Look southwest from the top of Mount Takao on clear winter mornings. Mount Fuji soars above its surroundings, white and massive in the royal blue sky. Except for a few pylons in the distance, the view is timeless.
|A 12-way interchange between the Chuo Expressway and the new Ken’odo will obliterate historic Mount Takao, the ruins of Hachioji Castle and vital habitat for several endangered species.|
To the west and north lies a quilt of small mountains, precipitous and tree-covered, stretching far into the haze of distant peaks. On a mountain just north of Takao sit the remains of Hachioji Castle. Local people still call it Shiroyama, or Castle Mountain.

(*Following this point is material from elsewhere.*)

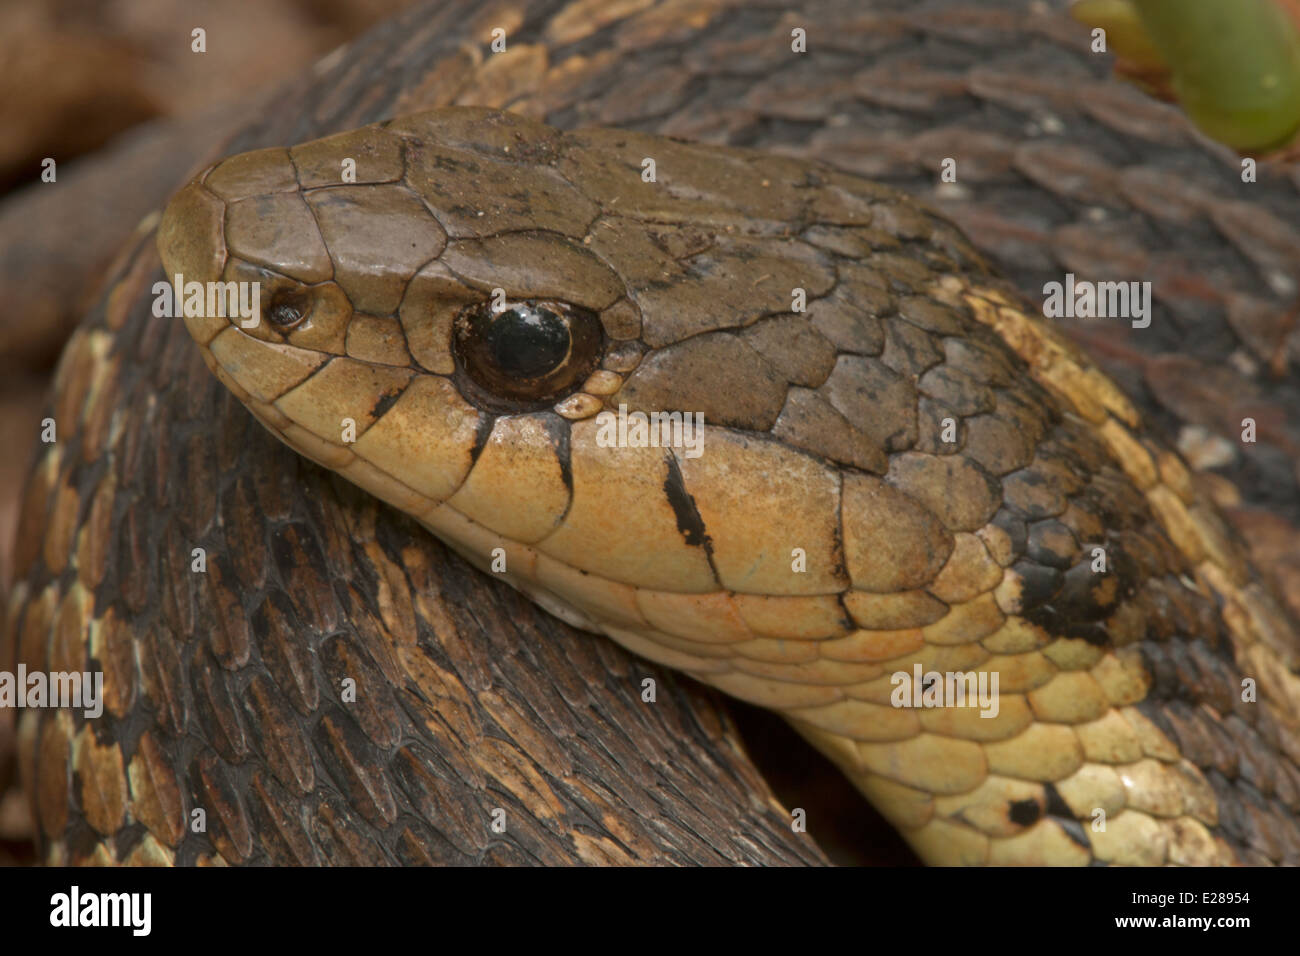 , Thamnophis sirtalis, New York Banque D'Images

Hojo Ujiteru, one of Japan’s last independent warlords, began building the castle in 1584. He never finished, however, due to attacks by the forces of Toyotomi Hideyoshi, who sought to reunify the nation. Hideyoshi finally took the castle June 23, 1590, in a battle so bloody it is said the rivers of Shiroyama ran red. Ujiteru was defending his main castle in Odawara and escaped death, but not for long. On July 2, Hideyoshi’s besieging army stormed Odawara and took the castle. Ujiteru took his own life.
For hundreds of years, people stayed away from Shiroyama, fearful of angry spirits. In 1951, the castle and its surroundings were made a quasi-national park.
Today, a new battle is being fought for Shiroyama. This time, the confrontation is not over the castle but over its very foundations. Construction workers are drilling into the north slope, cutting a tunnel to the south. The project is part of a ring road, the Ken’odo, that officials hope will one day circle Tokyo. Concerned citizens and conservationists from across Japan are in court to stop the work.
The Ministry of Land, Infrastructure and Transport is spearheading the grandiose plan, a 270-km highway that will circle through Chiba, Ibaraki, Saitama, Tokyo and Kanagawa Prefectures. Planning has been underway for more than 30 years, in various guises, but finally surfaced as the present-day Ken’odo in 1984. So far, less than 20 km has been finished, from Saitama to Ome City, Tokyo.
Plans calls for the highway to carve south from Ome, burrow under Hachioji Castle, then surface to link up with the Chuo Expressway on the north flank of Mount Takao, also a quasinational park. This junction will require an interchange that weaves together at least 12 separate access and connecting ramps.
Construction has already begun on the north side of the Chuo junction, and is expected to connect with the Ken’odo where it exits Shiroyama. When this will happen is uncertain: Tunneling under Hachioji Castle has been slowed by groundwater inundation.
On the south side of the Chuo junction, the Ken’odo calls for two more tunnels to be drilled through the north face of Mount Takao. The tunnels will exit on the south and intersect with Route 20 in another tangle of access roads.
Even Pandora would recognize the ills of the Ken’odo: First the construction, then the hundreds of thousands of cars and trucks that will pass by and through Mount Takao and Shiroyama each year. Humans, plants, animals and historic structures will all suffer noise, vibration, and serious air pollution for decades to come. Perhaps most harmful, and unpredictable, will be tunneling through delicate mountain groundwater and drainage systems.
On a cold, clear morning this past January, over 100 people gathered at the Hachioji District Court for opening arguments in a lawsuit to stop the Ken’odo. Ten lawyers, backed by over 130 more, have brought suits on behalf of 1,061 individuals, six conservation groups and five other unusual plaintiffs: Mount Takao, Hachioji Castle, the Takao beech trees, the flying squirrel and the endangered goshawk.
At the second hearing in March, the judges dismissed the nonhumans’ suit without comment. Their case has been appealed. The human plaintiffs remain in district court.
“We are seeking an injunction to stop the construction, to protect the mountain. Our first purpose is to protect Mount Takao,” says Yoshihiro Hashimoto, leader of the conservation movement.
Mount Takao’s forests are an Eden of biodiversity: Thousands of species of insects, over 1,300 kinds of plants, 137 species of birds and 30 different mammals, including fox, wild boar, badger, raccoon and Japanese mink, inhabit its woods. The potential environmental destruction is appalling, says Hashimoto.
“Under the U.S. environmental assessment process,” he notes, “if a project will have a significant impact on the environment, there is always the option of not doing it. In Japan, there is no thought of not following through with a proposed project. It is a zero-option process, so the authorities reduce the estimated impacts in order to justify the project and ensure that it is undertaken.”
Until recently in Japan, he explains, “the Construction Ministry established the assessment standards, then did the assessments and approved the projects, which it then undertook. This is like students making a test, then taking the test and marking it, and deciding they have done well.”